Status of electric power real-time assessment and aid decision-making system

Technical field

The present invention relates to power equipment and assist the field, refer to especially a kind of status of electric power real-time assessment and aid decision-making system.

Background technology

Prior art is applied to state estimation and the maintenance policy system of power equipment, is generally by the status information of equipment amount is monitored, and quantity of information is carried out data process; By each equipment is carried out weight setting, to obtain more rough appraisal report, and carry out the prompting of maintenance policy for the problem that occurs, but can not accurately locate the fault of power equipment, and the not clear and definite order of processing sequence to the parts that go wrong, when the problem of processing urgent and vitals, its impact is especially obvious.

Summary of the invention

Status of electric power real-time assessment and aid decision-making system that the present invention proposes can carry out equipment fault diagnosis, Real Time Monitoring and set risk class power equipment, greatly improve the practicality of decision system.

Technical scheme of the present invention is achieved in that status of electric power real-time assessment and aid decision-making system, comprise diagnostic model, aid decision-making system and display module, it is related that described diagnostic model and aid decision-making system carry out, and described display module carries out related with diagnostic model and aid decision-making system respectively; Described diagnostic model comprises method for diagnosing faults unit, fault diagnosis data cell and Data Management Unit, described method for diagnosing faults unit is related with the fault diagnosis data cell, and described method for diagnosing faults unit and fault diagnosis data cell are stored in Data Management Unit.

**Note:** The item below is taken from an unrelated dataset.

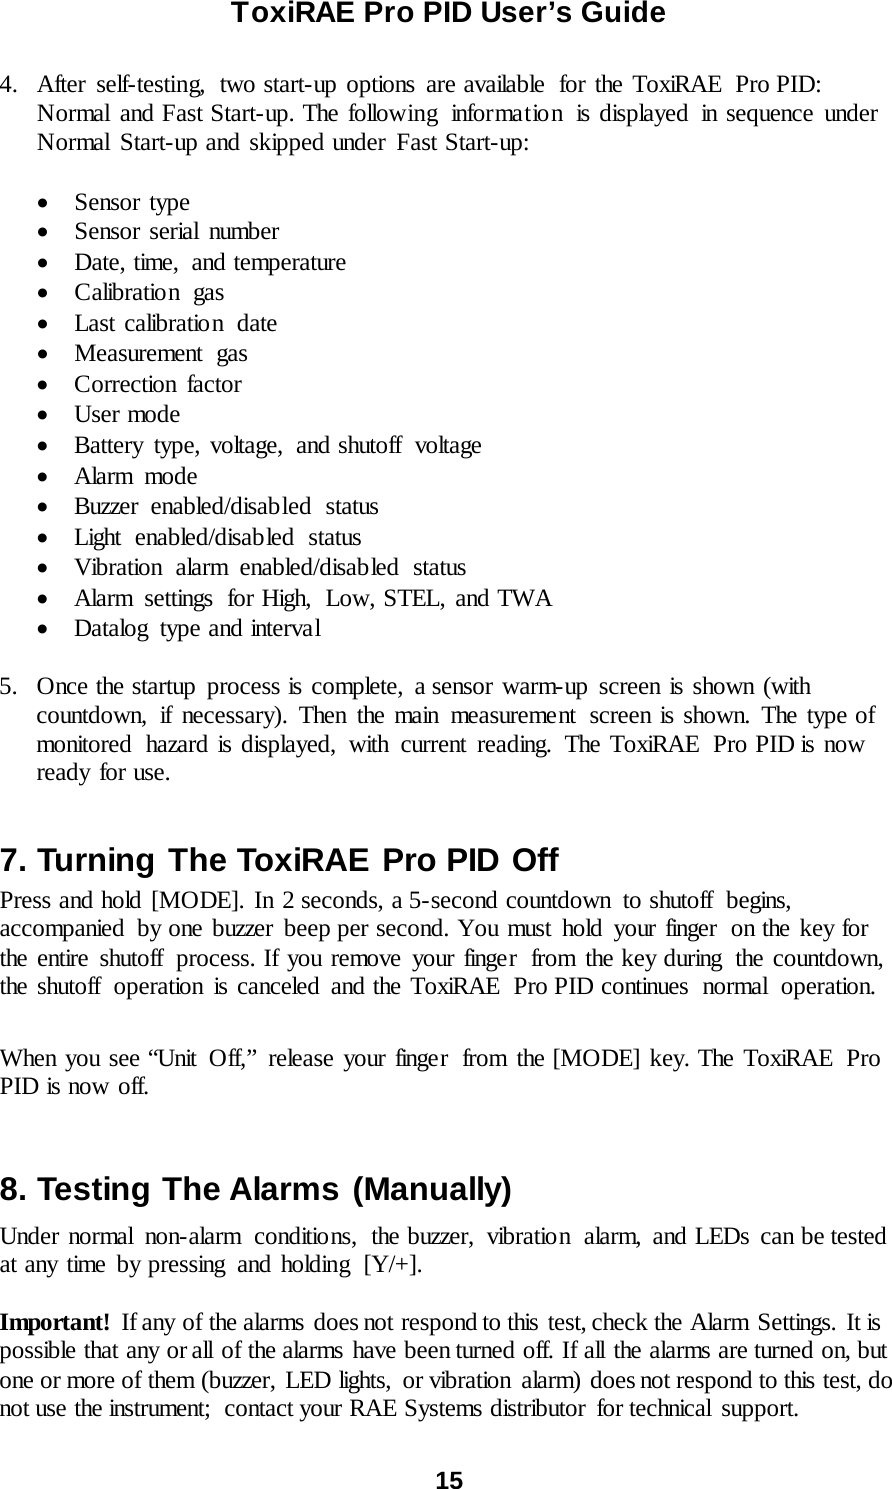 ToxiRAE Pro PID User’s Guide  15   4. After self-testing,  two start-up options are available  for the ToxiRAE  Pro PID: Normal and Fast Start-up. The following  information  is displayed in sequence under Normal Start-up and skipped under Fast Start-up:  • Sensor type • Sensor serial number • Date, time,  and temperature • Calibratio n gas • Last calibration date • Measurement gas • Correction factor • User mode • Battery type, voltage, and shutoff  voltage • Alarm mode • Buzzer enabled/disabled status • Light enabled/disabled status • Vibration alarm enabled/disabled status • Alarm settings for High, Low, STEL, and TWA • Datalog  type and interval  5. Once the startup process is complete, a sensor warm-up screen is shown (with countdown, if necessary). Then the main measurement  screen is shown. The type of monitored hazard is displayed, with current reading. The ToxiRAE  Pro PID is now ready for use.  7. Turning The ToxiRAE Pro PID Off Press and hold [MODE]. In 2 seconds, a 5-second countdown  to shutoff  begins, accompanied  by one buzzer beep per second. You must hold your finger  on the key for the entire shutoff process. If you remove your finger  from the key during  the countdown, the shutoff  operation is canceled and the ToxiRAE  Pro PID continues normal operation.  When you see “Unit Off,” release your finger  from the [MODE] key. The ToxiRAE Pro PID is now off.  8. Testing The Alarms (Manually) Under normal non-alarm  conditions,  the buzzer,  vibration  alarm, and LEDs can be tested at any time by pressing and holding [Y/+].  Important!  If any of the alarms does not respond to this test, check the Alarm Settings. It is possible that any or all of the alarms have been turned off. If all the alarms are turned on, but one or more of them (buzzer, LED lights,  or vibration  alarm) does not respond to this test, do not use the instrument;  contact your RAE Systems distributor  for technical support.

Described method for diagnosing faults unit comprises that three-ratio method, four ratioing technigues, TD figure method, David's trigonometry, electricity grind method.

Described aid decision-making system comprises risk evaluation model and Strategies of Maintenance model, and described risk evaluation model shines upon related with the Strategies of Maintenance model by middle table.

Further, it is related that described method for diagnosing faults unit and fault diagnosis data cell are shone upon by middle table, and be stored in Data Management Unit.

Further, described risk evaluation model comprises classification determining unit, extent of damage determining unit, data processing unit, and described data processing unit connects respectively classification determining unit and extent of damage determining unit.

Described Strategies of Maintenance model comprises maintenance order unit, overhauling project unit, maintenance level cells and auxiliary policy unit, and described auxiliary policy unit connects respectively maintenance order unit, overhauling project unit and maintenance level cells.

Described risk evaluation model is related with display module respectively with the Strategies of Maintenance model.

Optimally, described display module is LCDs.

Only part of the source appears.